You are viewing a plain text version of this content. The canonical link for it is here.
Posted to solr-user@lucene.apache.org by Markus Jelsma <ma...@openindex.io> on 2015/03/06 19:16:45 UTC

RE: Delimited payloads input issue

Well, the only work-around we found to actually work properly is to override the problem causing tokenizer implementations on by one. Regarding the WordDelimiterFilter, the quickest fix is enabling keepOriginal, if you don't want the original to stick around, the filter implementation must be modified to carry the original PayloadAttribute to its descendants.

Markus
 
 
-----Original message-----
> From:Markus Jelsma <ma...@openindex.io>
> Sent: Friday 27th February 2015 17:28
> To: solr-user <so...@lucene.apache.org>
> Subject: Delimited payloads input issue
> 
> Hi - we attempt to use payloads to identify different parts of extracted HTML pages and use the DelimitedPayloadTokenFilter to assign the correct payload to the tokens. However, we are having issues for some language analyzers and issues with some types of content for most regular analyzers.
> 
> If we, for example, want to assign payloads to the text within an H1 field that contains non-alphanumerics such as `Hello, i am a heading!`, and use |5 as delimiter and payload, we send the following to Solr, `Hello,|5 i|5 am|5 a|5 heading!|5`.
> This is not going to work because due to a WordDelimiterFilter, the tokens Hello and heading obviously loose their payload. We also cannot put the payload between the last alphanumeric and the following comma or exlamation mark because then those characters would become part of the payload if we use identity encoder, or it should fail if we use another encoder. We could solve this using a custom encoder that only takes the first character and ignores the rest, but this seems rather ugly.
> 
> On the other hand, we have issues using language specific tokenizers such as Kuromoji, i will immediately dump the delimited payload so it never reaches the DelimitedPayloadTokenFilter. And if we try chinese and have the StandardTokenizer enabled, we also loose the delimited payload.
> 
> Any of you have dealt with this before? Hints to share?
> 
> Many thanks,
> Markus
> 

Re: Delimited payloads input issue

Posted by "david.w.smiley@gmail.com" <da...@gmail.com>.
Hi Markus,

I’ve found this problem too. I’ve worked around it:
* write a custom attribute that has the data you want to carry-forward, one
with a no-op clear().  The no-op clear defeats WDF and other ill-behaved
filters (e.g. common-grams).
* Use a custom tokenizer that populates the attribute, and which can truly
clear the custom attribute
* Write a custom filter at the end of the chain that actually encodes the
attribute data into the payload.

This scheme has worked for me for sentence/paragraph IDs, which effectively
hold constant throughout the sentence.  It may be more complicated when the
data varies word-by-word since some Filters won’t work well.

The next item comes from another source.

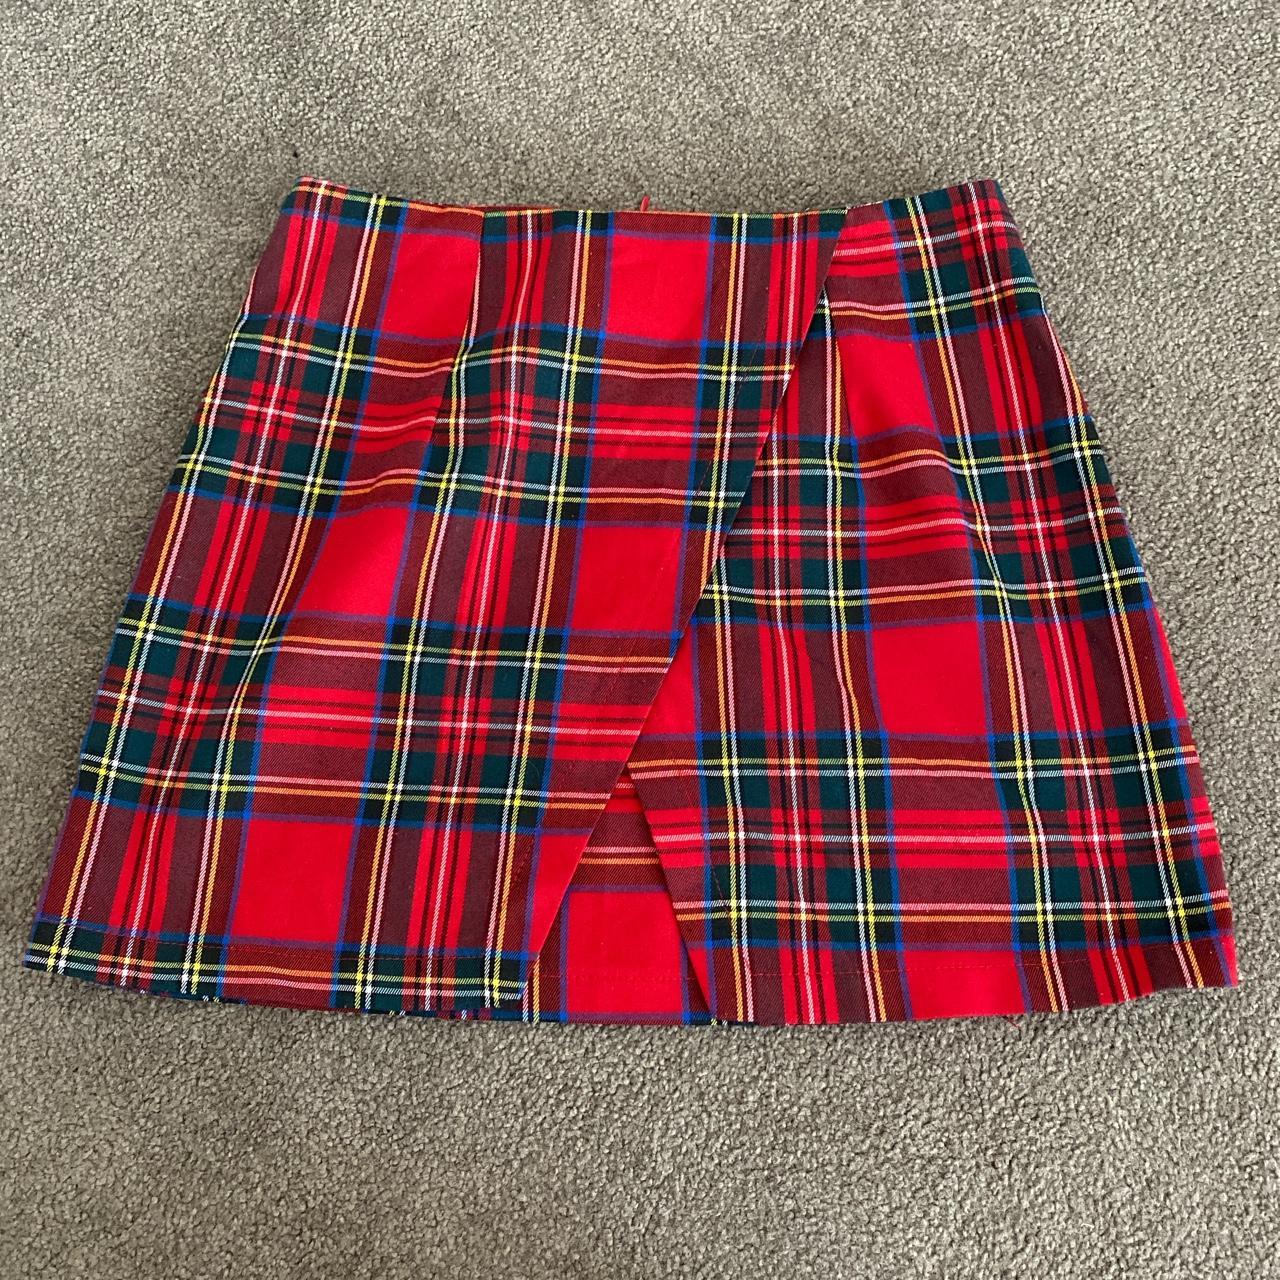 Cute red plaid skirt. Size 10 but will fit an 8 - Depop
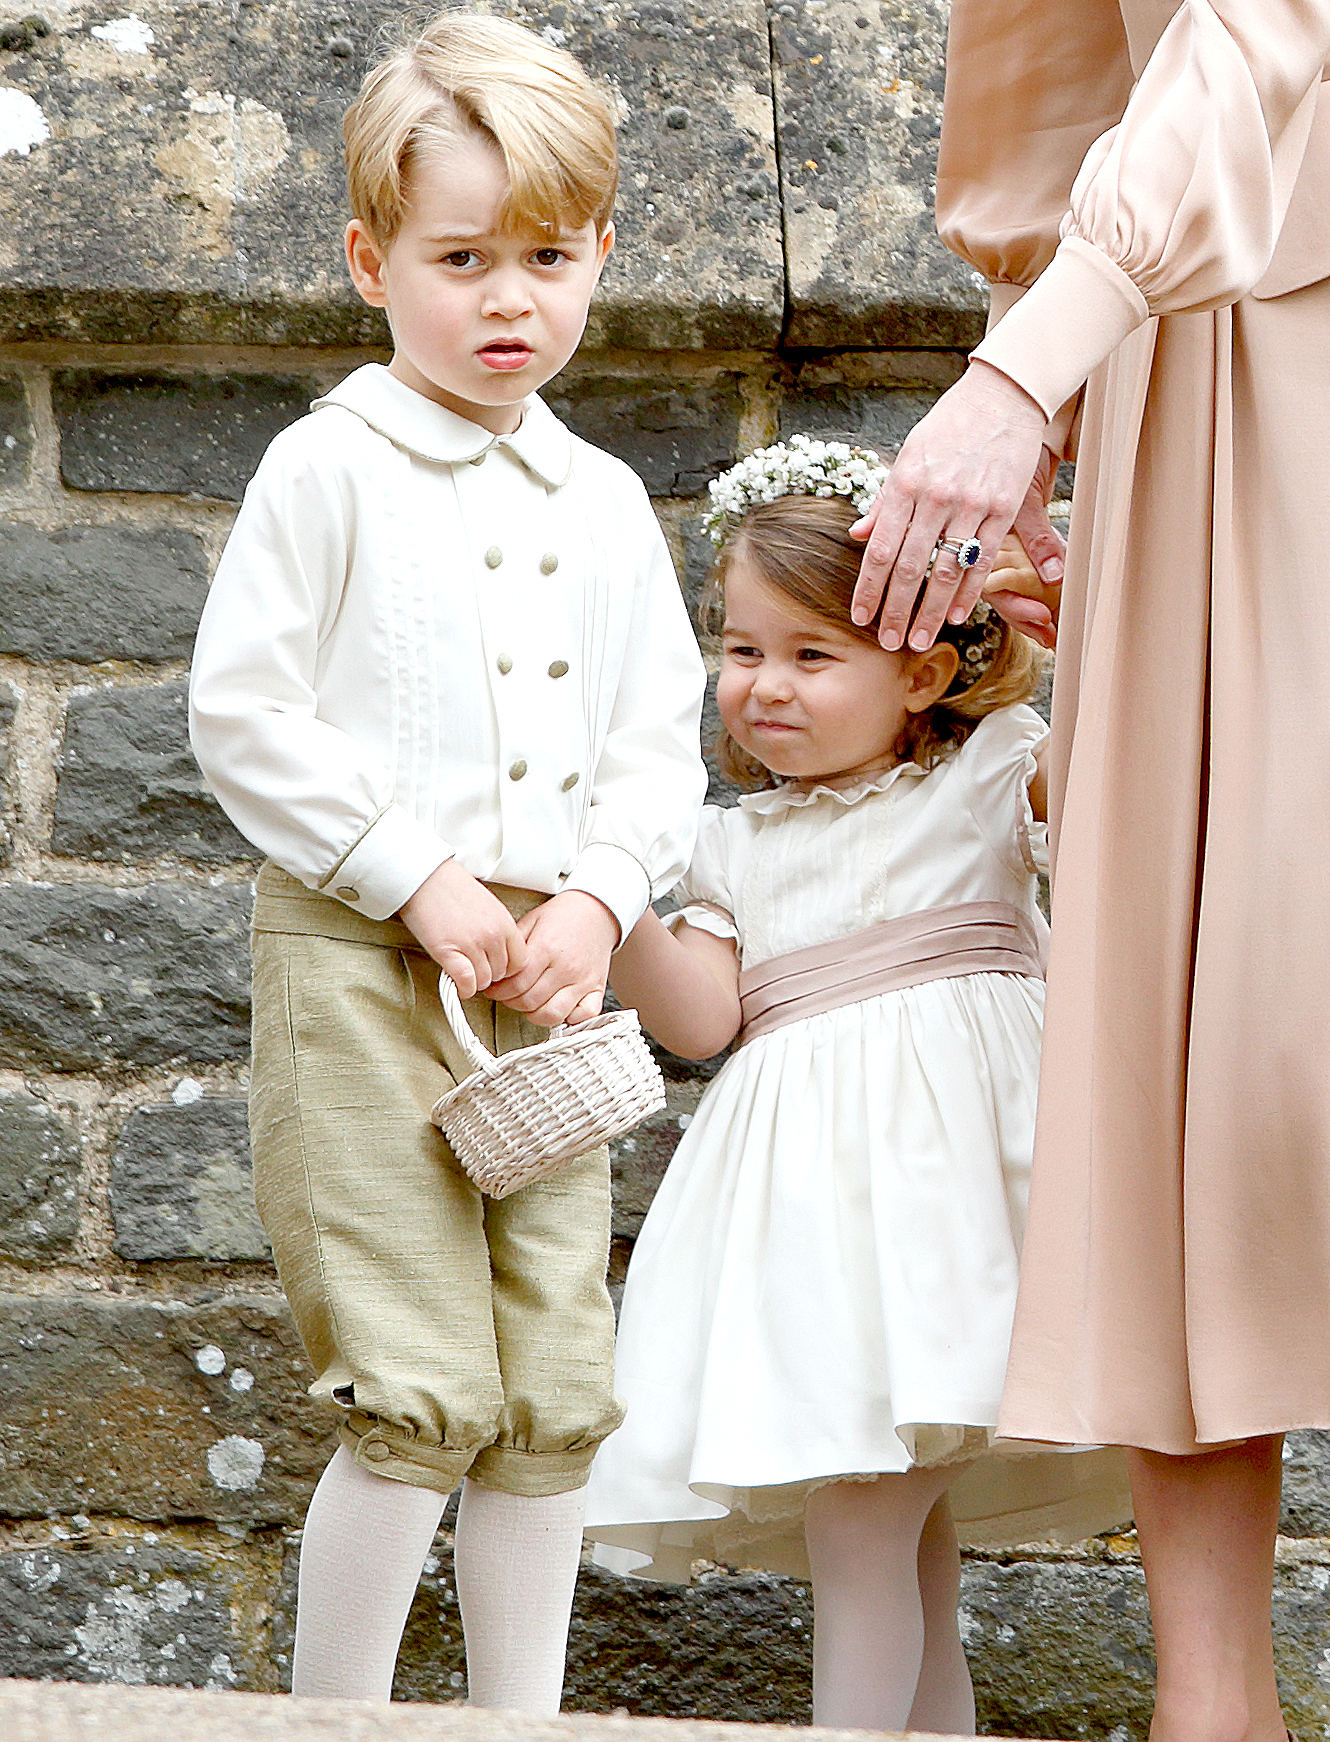 Prince-George-and-Princess-Charlotte-at-their-aunt-Pippa-Middleton’s-2017-wedding

I suppose the real solution is better Filters that use captureState and/or
an improved tokenStream design to clone attributes.  It’s better to clone a
state when introducing a new token than to clear it!

~ David Smiley
Freelance Apache Lucene/Solr Search Consultant/Developer
http://www.linkedin.com/in/davidwsmiley

On Fri, Mar 6, 2015 at 1:16 PM, Markus Jelsma <ma...@openindex.io>
wrote:

> Well, the only work-around we found to actually work properly is to
> override the problem causing tokenizer implementations on by one. Regarding
> the WordDelimiterFilter, the quickest fix is enabling keepOriginal, if you
> don't want the original to stick around, the filter implementation must be
> modified to carry the original PayloadAttribute to its descendants.
>
> Markus
>
>
> -----Original message-----
> > From:Markus Jelsma <ma...@openindex.io>
> > Sent: Friday 27th February 2015 17:28
> > To: solr-user <so...@lucene.apache.org>
> > Subject: Delimited payloads input issue
> >
> > Hi - we attempt to use payloads to identify different parts of extracted
> HTML pages and use the DelimitedPayloadTokenFilter to assign the correct
> payload to the tokens. However, we are having issues for some language
> analyzers and issues with some types of content for most regular analyzers.
> >
> > If we, for example, want to assign payloads to the text within an H1
> field that contains non-alphanumerics such as `Hello, i am a heading!`, and
> use |5 as delimiter and payload, we send the following to Solr, `Hello,|5
> i|5 am|5 a|5 heading!|5`.
> > This is not going to work because due to a WordDelimiterFilter, the
> tokens Hello and heading obviously loose their payload. We also cannot put
> the payload between the last alphanumeric and the following comma or
> exlamation mark because then those characters would become part of the
> payload if we use identity encoder, or it should fail if we use another
> encoder. We could solve this using a custom encoder that only takes the
> first character and ignores the rest, but this seems rather ugly.
> >
> > On the other hand, we have issues using language specific tokenizers
> such as Kuromoji, i will immediately dump the delimited payload so it never
> reaches the DelimitedPayloadTokenFilter. And if we try chinese and have the
> StandardTokenizer enabled, we also loose the delimited payload.
> >
> > Any of you have dealt with this before? Hints to share?
> >
> > Many thanks,
> > Markus
> >
>